Rule based simplification 1753个应用第二表所列简化字和简化偏旁得出来的简化字
There were 1753 Characters that were simplified according to table 1, 2, 3 and 4
There are characters that are simplified using other rules that are not included in Table 1,2 and 3
Some of these characters are quite uncommon characters.
- In some cases the rules are not strictly applied and the simplified character is an anomaly.
- Sometimes the rules are applied to banned alternates and you come up with strange situations.
- The number 1753 was applied to the original list of printed characters, so that list is not complete now.
- This list is out of date. There are characters from this list that are not included in the 2013 standard list of characters and there are simplifications in the 2013 list of characters that are beyond this list.
Complete Simplified Character List and the New Character Font
Purpose of a Complete Character list
- Limit the number of useless characters
- Establish Standard Printed Forms using the above “variant rules” and “simplification rules”
- Establish exact printed form for characters called the “new character forms”
- Establish Literacy Standard
There have been four publications that can be considered complete lists of simplified characters
- 印刷通用汉字字形表 1965 list of 6196 simplified characters for publishers
- 1980 list of standard simplified computer characters GB2312-80
- 現代漢語常用字表 1988 list of 7000 simplified characters
- 通用規範漢字表 2013 list of 8105 simplified characters
- There are always characters not in the list that you think you need that you don’t have
- The “New Character Forms”
- The lists were published with no associated traditional characters.
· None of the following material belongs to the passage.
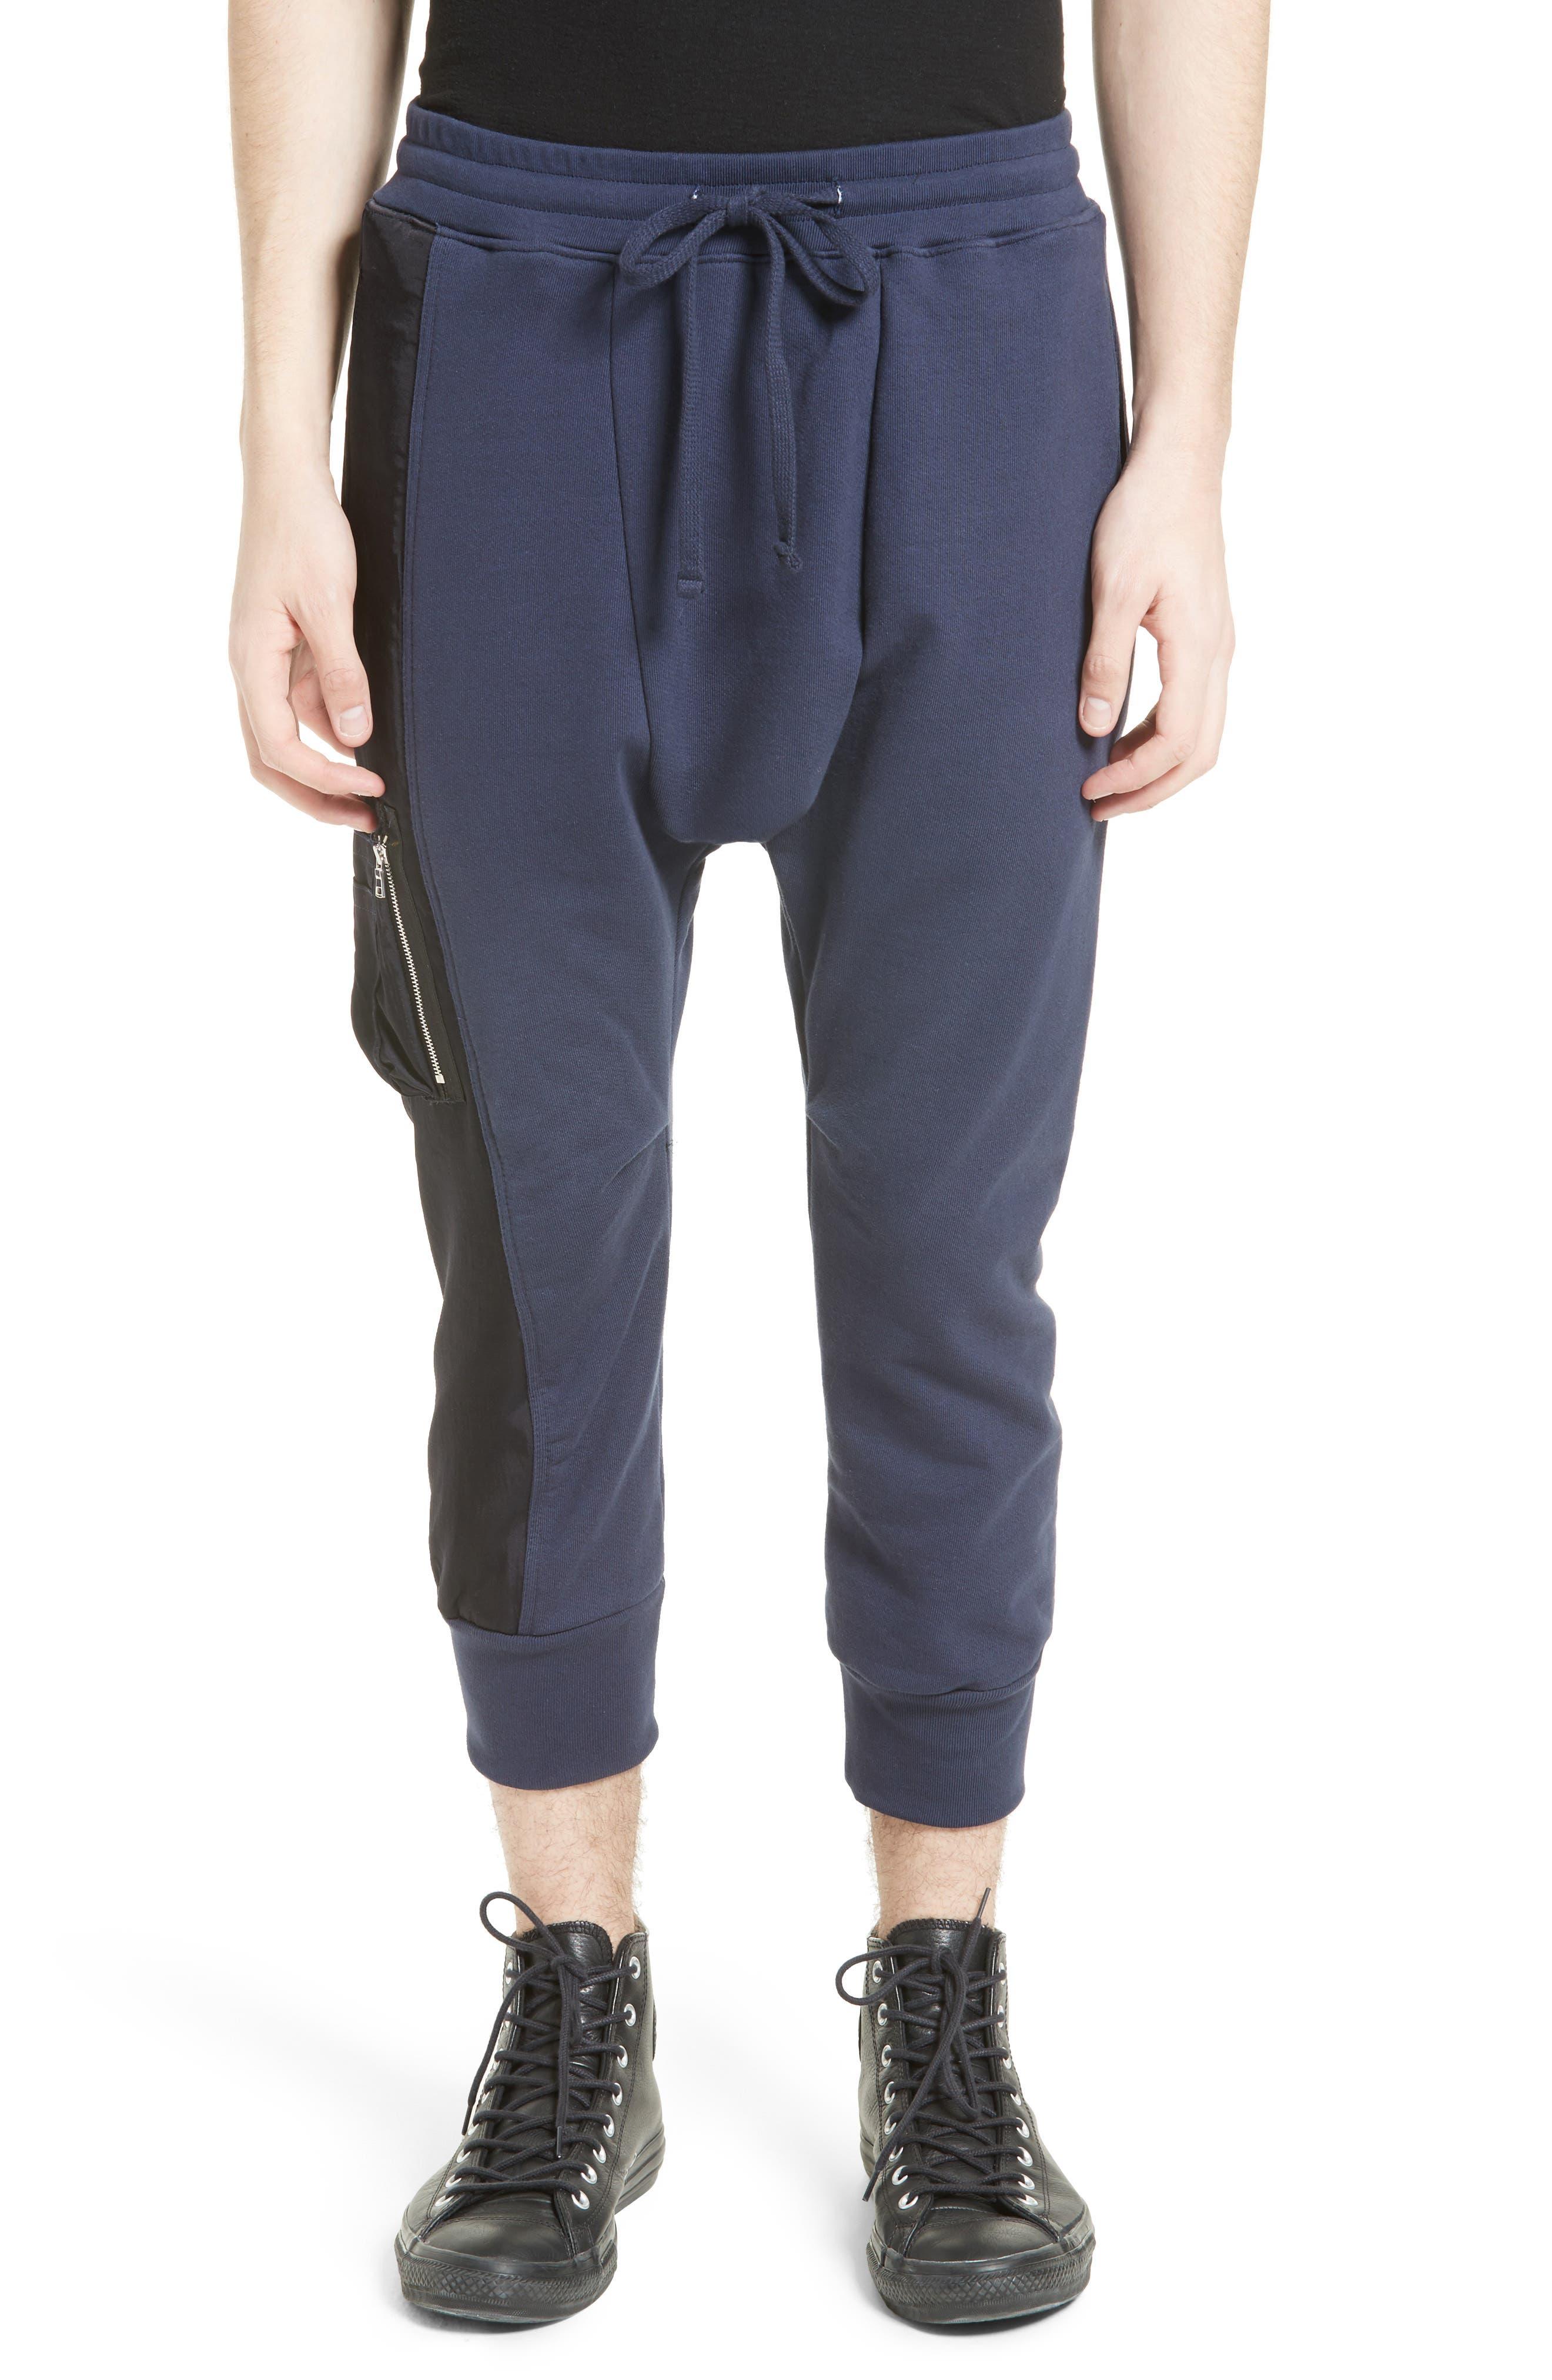 Militia Sweatpants,                         Main,                         color, Navy

新字形 New Character Forms and the 標楷體 Standard Kai Form
Besides following all the rules for simplification of characters, the exact character form was specified in what is called the “new character form”. These forms were probably barely noticed by most people but when computers came along, it caused a number of characters to have different code points because of the difference in how governments thought characters were supposed to be written.
黄 and 黃 are two different code points and ways to write the character for “yellow”
黄 is the new character form and
黃 is the standard Kai form or Old Character forms
The Unicode Standard and Han Unification
Over the years there had evolved some differences in how Korea, Japan, China, Taiwan, Hongkong and Vietnam wrote the same Chinese character.
- Korea, Japan, China, Taiwan, Hongkong and Vietnam decided to get together and decide on code points and character structure for all the useful Han characters. If they could agree that the characters were the same, they were all put in one code point, if not, there were different code points for instance 黄 and 黃 are two different code points, even though they are the same character.
- Today almost all Han characters on computers are encoded in Unicode.